◆ Task brief:
Omit every picture, then return each line of the data below exactly.

◆ Data extract:
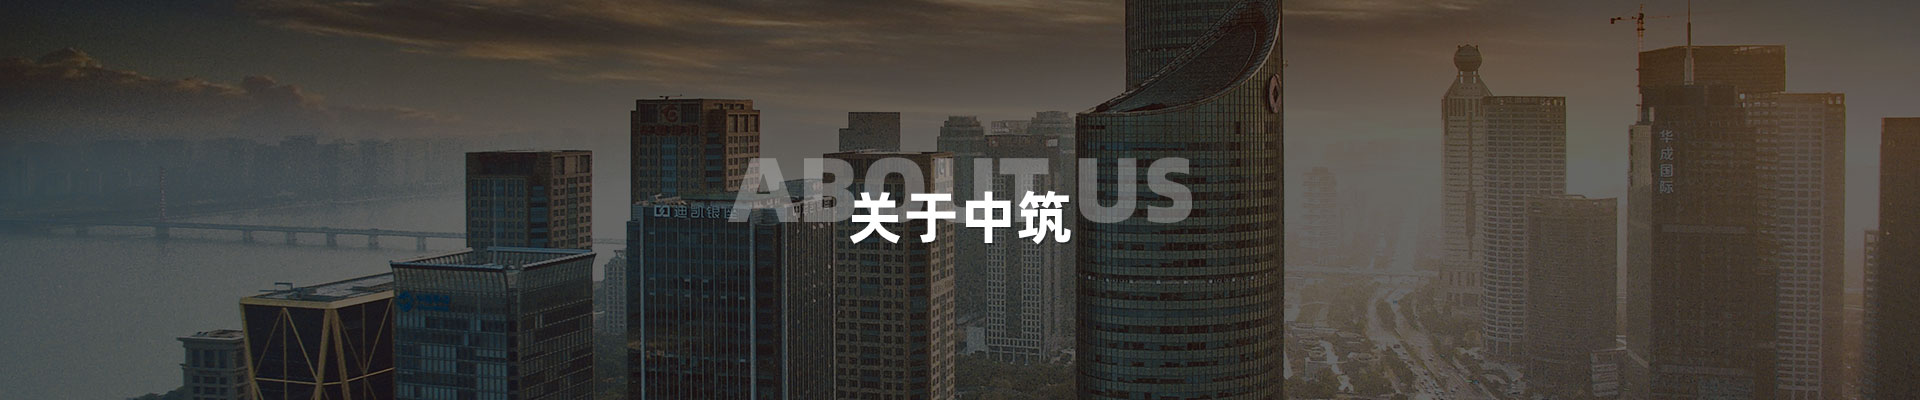 景观亮化公司-深圳市中筑景观亮化照明科技有限公司
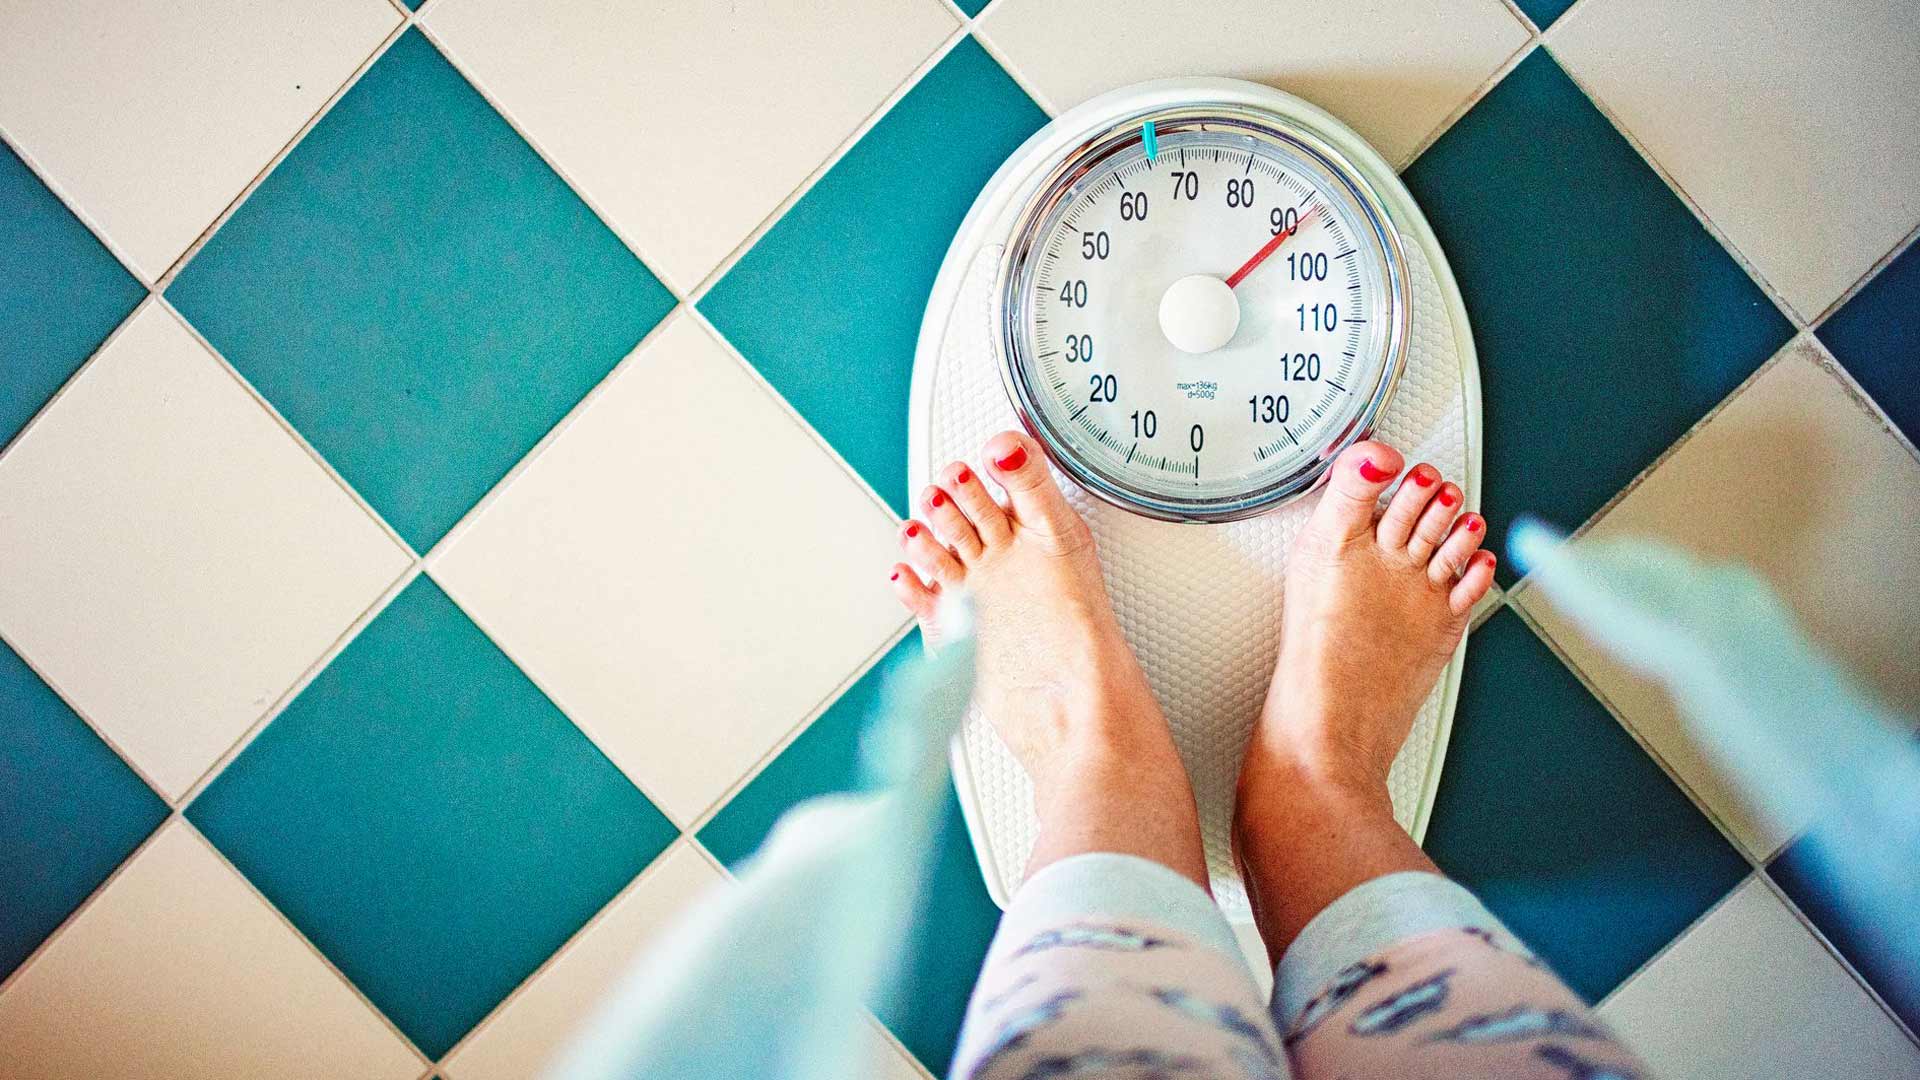 Jos ylimääräinen rasvakudos on kertynyt lantioon ja reisiin, painoindeksi voi olla selvästi yli 25 ilman, että siitä on haittaa terveydelle.
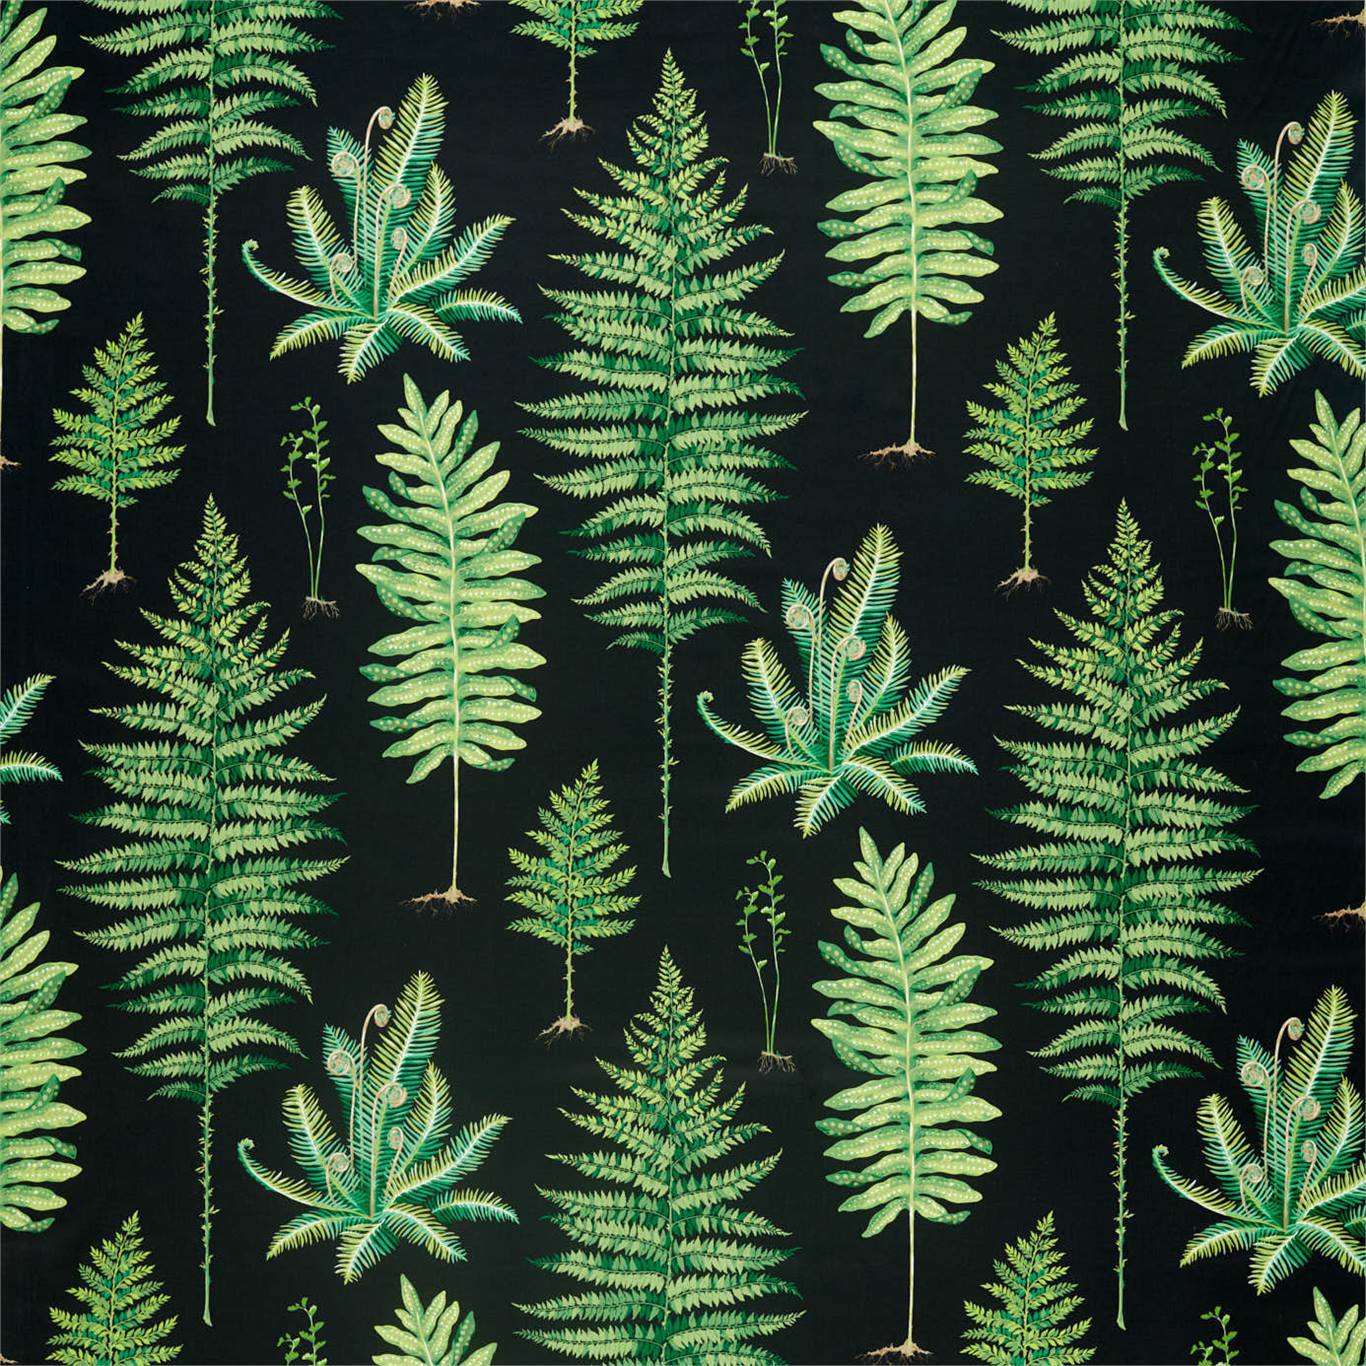 Fernery Fabric by Sanderson

◆ Result for this task:
 景观亮化公司-深圳市中筑景观亮化照明科技有限公司
 Jos ylimääräinen rasvakudos on kertynyt lantioon ja reisiin, painoindeksi voi olla selvästi yli 25 ilman, että siitä on haittaa terveydelle.
 Fernery Fabric by Sanderson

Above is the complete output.